Actually, that’s what Pallon’s hero who practices this “pigness of the pig” view on his 500-acre farm in Staunton, Virginia, would say.

“What happens when the USDA determines that feeding dead cows to cows is the new science-based technique? Mad Cow,” said that hero, grass farmer Joel Salatin, in the most recent issue of The American Conservative.

Case in point: Earlier this year, the USDA recalled 143 million lbs. of frozen beef.

That’s almost twice as many pounds of beef (87 million lbs.) that fast food chain McDonald’s bought in 2005 from Texas to the tune of over $100 million, according to the Texas Farm Bureau.

In contrast, on the 100 acres of his Polyface Farm, Salatin produces 40,000 lbs. of beef, 30,000 lbs. of pork, 25,000 dozen eggs, 20,000 broilers, 1,000 turkeys, and 1,000 rabbits, according to Pollan.

“If I run a dirty ship here, I’m only affecting a few customers,” Salatin told TAC.

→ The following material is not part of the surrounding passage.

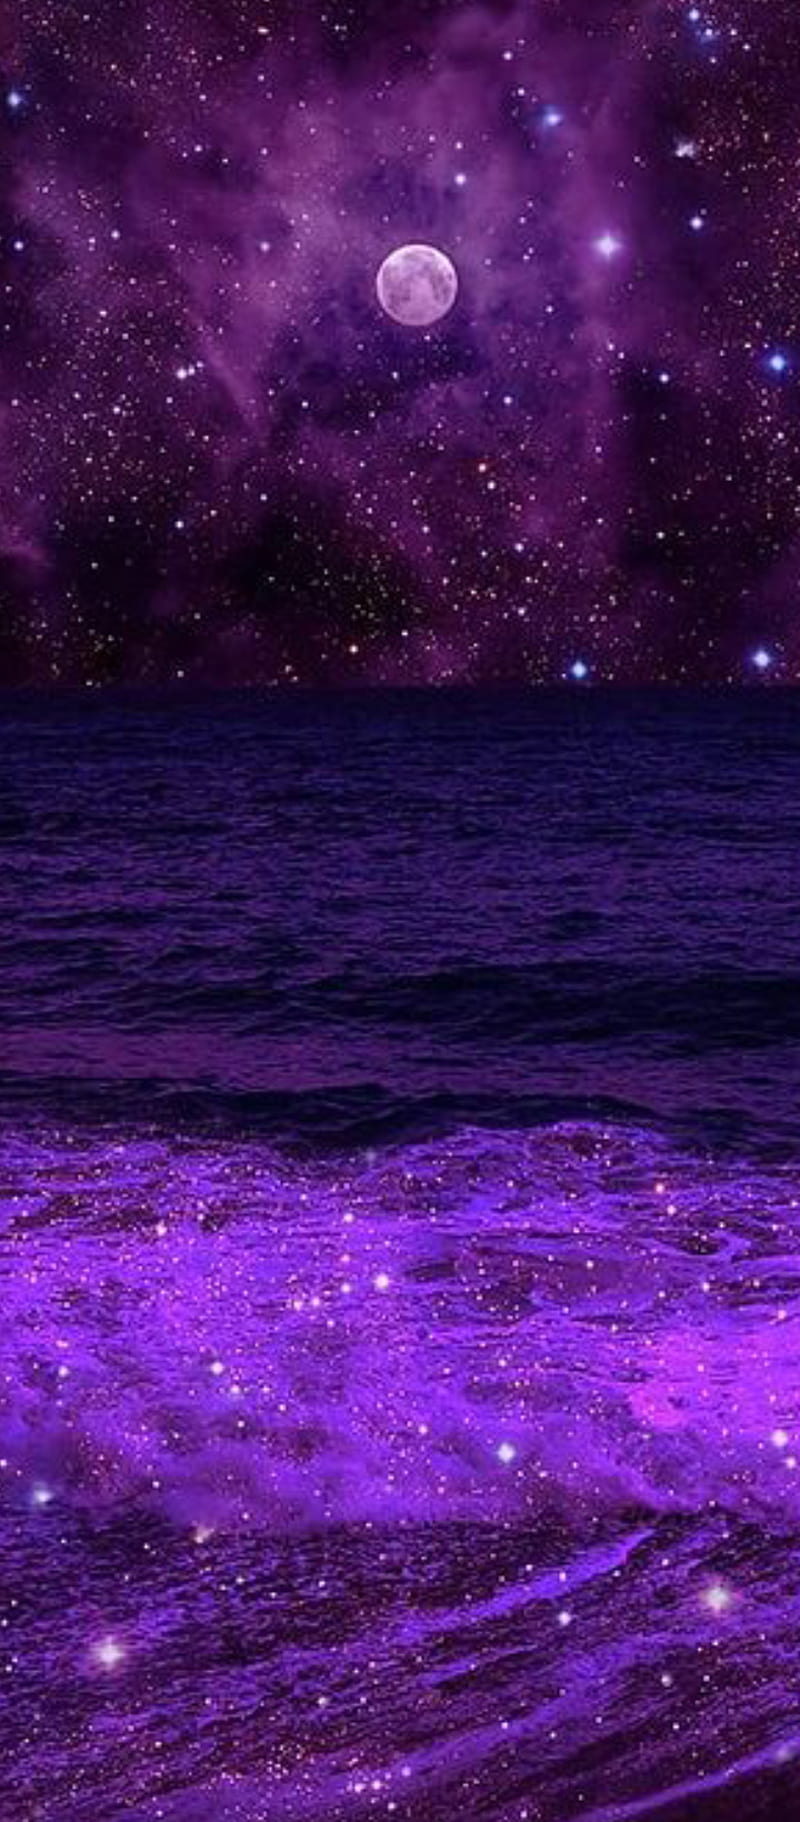 1920x1080px, 1080P free download | Purple, galaxy, nebula, nebulae ...

That said, Salatin refers to himself as a “Christian-libertarian-environmentalist-capitalist lunatic.” In fact, Bob Jones University, the Christian college and seminary located in Greenville, South Carolina, honored Salatin, their former undergraduate, as “alumnus of the year.”

“The question is not whether we can eliminate [evil], but whether we centralize it or decentralize it,” said Salatin.

And it appears that the Texas Farm Bureau supported centralization when it co-sponsored the beef section of an agricultural promotional area with Cattleman’s Beef Board (i.e. “Beef: It’s What’s for Dinner”) and McDonald’s at last year’s Fort Worth Stock Show and Rodeo.

So this begs the question: did God make clowns to eat?